Le Sud, monde arabe en tête, par la progression exponentielle de ses facebookers et bloggeurs, par ses multiples et bruyants réseaux socio-cybernétiques, semble avoir enjambé utilement – au plan politique dumoins- cette fracture, ayant donné des preuves tangibles de l’impact substantiel de son monde virtuel sur son monde réel. Ce qui, en soi, compte le plus, après tout, au stade d’aujourd’hui dans l’intégration sociale des TIC et dans la marche de la «société de l’information». Intégration sociale inattendue pour les gouvernants puisqu’elle bouleverse l’établi et provoque/porte changement plus ou moins radical. Assistons-nous à un stade de «relance de l’histoire» dans le monde arabe, la «fin de l’histoire» de Fukuyama étant bien enterrée. Il y a un siècle, la «renaissance» («Annahda», la «Movida» arabe des années 20/30) par la culture (roman, poésie, théâtre, traductions…) poussait à la reconfiguration/changement du régime arabe. La renaissance actuelle, par les manifestations politiques et l’occupation des rues et des places sonne le glas de ce régime hérité depuis.  
A l’occasion de la crise de tous les indignés, au Nord comme au Sud, force est de constater qu’on retrouve sur les deux rives, le même «casting» de la rébellion, en ces années : une «foule virtuelle» qui s’organise et se solidarise dans des réseaux cyber-sociaux, menée/initiée par des «commandos pétitionnaires», avant de faire descendre dans les rues et sur les places publiques des hordes réelles et plus ou moins décidées, n’usant généralement que de la contestation pacifique, sans recours à la violence   (il y a un siècle, la rébellion des «mouvements anarchistes» y avaient recours). En face, au Nord comme au Sud, on assiste à de comparables pratiques et velléités d’OPA de la part de vieilles structures, cadres et chapelles, pour tenter de contenir/récupérer ces mouvements d’indignés : appareils d’État, partis politiques, vieux leaderships de gauche…Mais le plus souvent, au profit du populisme et de l’extrémisme : l’intégrisme religieux au monde arabe, le néofascisme au Nord (France, Italie, Autriche, Scandinavie, …).

Et la médiasphère
dans tout ça ?
Au Nord, cette question n’arrive pas encore à se trouver une place importante, une colonne de journal, un temps d’antenne, une tribune académique de recherches, tant la boucle et le tourbillon des «news» sur les bourses et la dette souveraine, les sommets de la finance, les «mea culpa» des économistes et des gouvernements chancelants obstruent la place publique, l’Agora du débat public. Au Sud, au contraire, la médiasphère est au cœur de la tempête, à cause de sa pesanteur néfaste, passée et présente, sur la gouvernance, sa myopie sur le séisme en cours (cas des pratiques des chaines TV aux mains de l’État). Mais à cause aussi de ses promesses bien réelles d’aider au changement, voire de lui donner le tempo depuis le cyberespace, depuis la «Net agora» que prolongent et transforment en réalités irréversibles la rue et, espérons-le, les urnes et les isoloirs du vote, dans une réelle et complète transparence en ces contrées, arabes en particulier.

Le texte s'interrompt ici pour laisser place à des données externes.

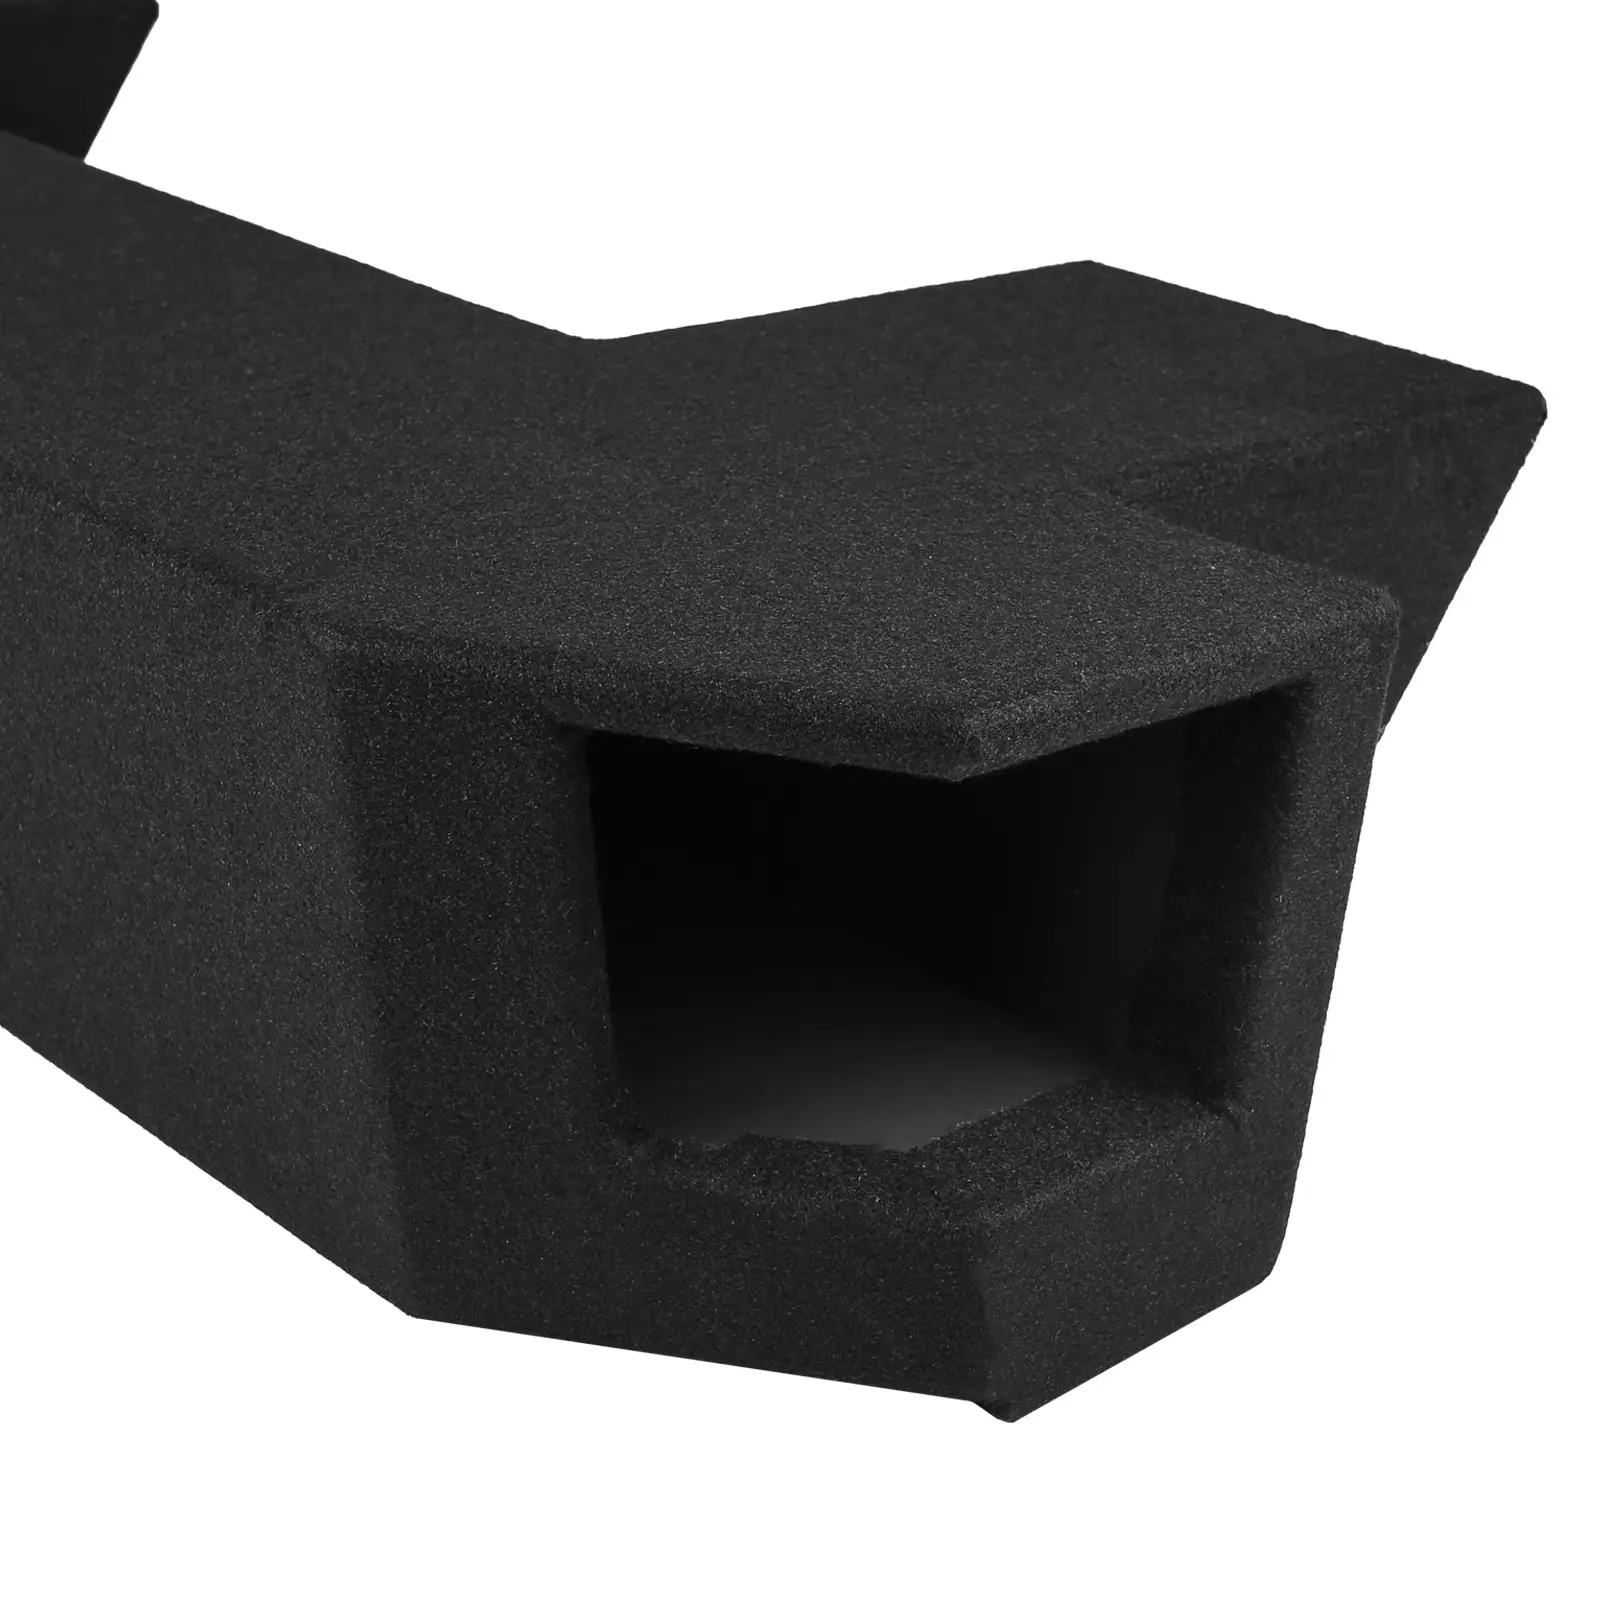 Dual 8" 2,400W Max Power Loaded Subwoofer Enclosure Compatible with 2019-2024 Ram 1500 (5th Gen) Crew Cab Trucks #5

Cette perspective d’un «link» inédit au monde arabe entre la médiasphère et le changement politique par les urnes, à l’aune du projet d’une démocratie réelle et apaisée, se dessine maintenant à l’horizon, avec plus ou moins de force, en Tunisie en Egypte, en Libye, au Maroc… Dans tous ces pays «printaniers» de la démocratie annoncée, on parle de «processus démocratique» en cours, chaque pays annotant son processus par des «spécificités», des particularités de tempo ou de rythme, des singularités attribuées à des acteurs en particulier : l’armée, les «islamistes», les «laïcs», voire les tribus… Sur l’ensemble de la mosaïque arabe, on nous annonce des dynamiques variées, les unes plus rassurantes que d’autres, les unes plus inquiétantes que d’autres…

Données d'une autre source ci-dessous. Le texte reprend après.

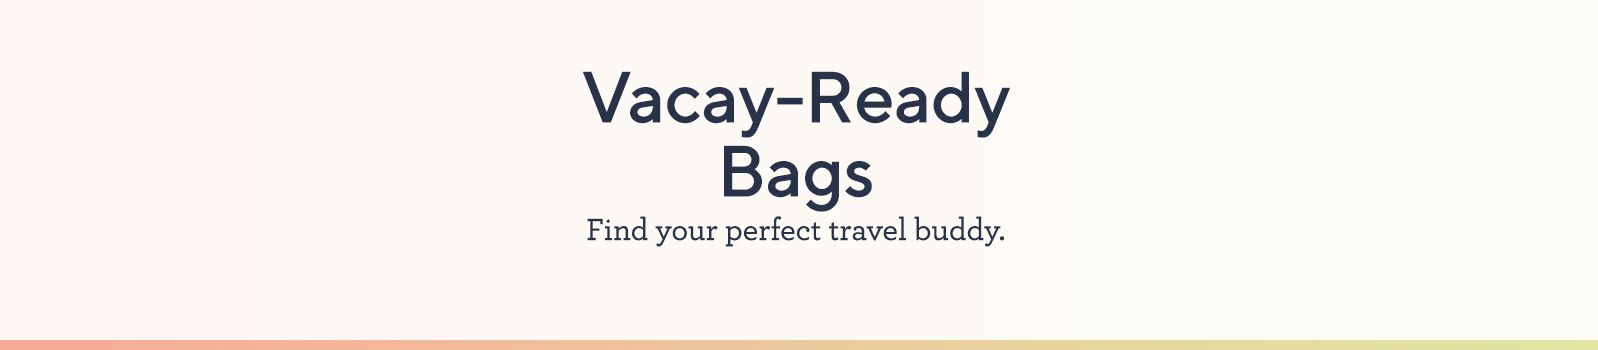 Vacay-Ready Bags: Find your perfect travel buddy.

Or, il demeure, que   toute analyse de la dynamique propre au régime démocratique, débouche sur une incontournable réalité structurante de cette dynamique : le champ de la liberté d’expression. Champ naturel et nourricier pour les médias et les journalistes, champ déterminant pour l’éclosion de la démocratie, pour son ancrage dans la vie collective d’une nation, comme pour la pratique et l’exercice de tous les droits et libertés constitutifs du régime démocratique et de l’État de droit sur lequel ce régime se construit et évolue, par étapes, par à coups, par réformes, par bouleversements ou, tout simplement, par une logique de «processus», justement.

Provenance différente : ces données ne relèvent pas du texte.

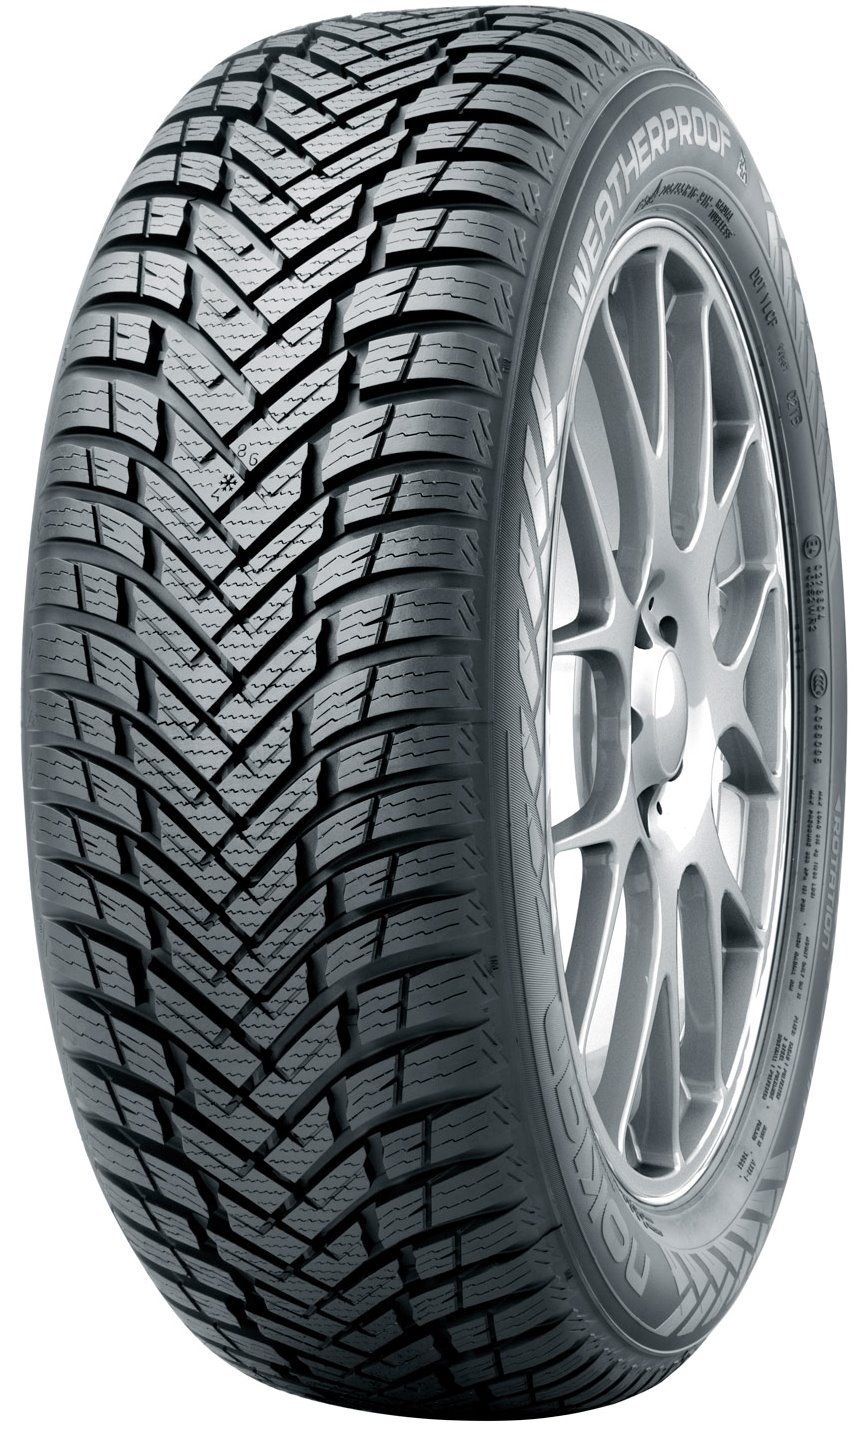 Nokian - Tyre WeatherProof Reviews Tests and

Autrement dit, le champ de la liberté d’expression où le journaliste exerce cette liberté de manière privilégiée et ce, avec légitimité reconnue dans la démocratie, est véritablement le champ de la mise à l’épreuve réelle, sérieuse et des plus pertinentes qui soient, de toute intention démocratique ou tout serment clamé au nom d’une foi en la démocratie. La liberté d’expression, de par l’exercice démocratique qu’on peut en faire, interpelle et impacte toutes les autres libertés comme tous les autres droits que comporte, promeut, octroie et défend la démocratie. C’est une évidence qui ne peut se prêter à quelconque confusion ou malentendu.  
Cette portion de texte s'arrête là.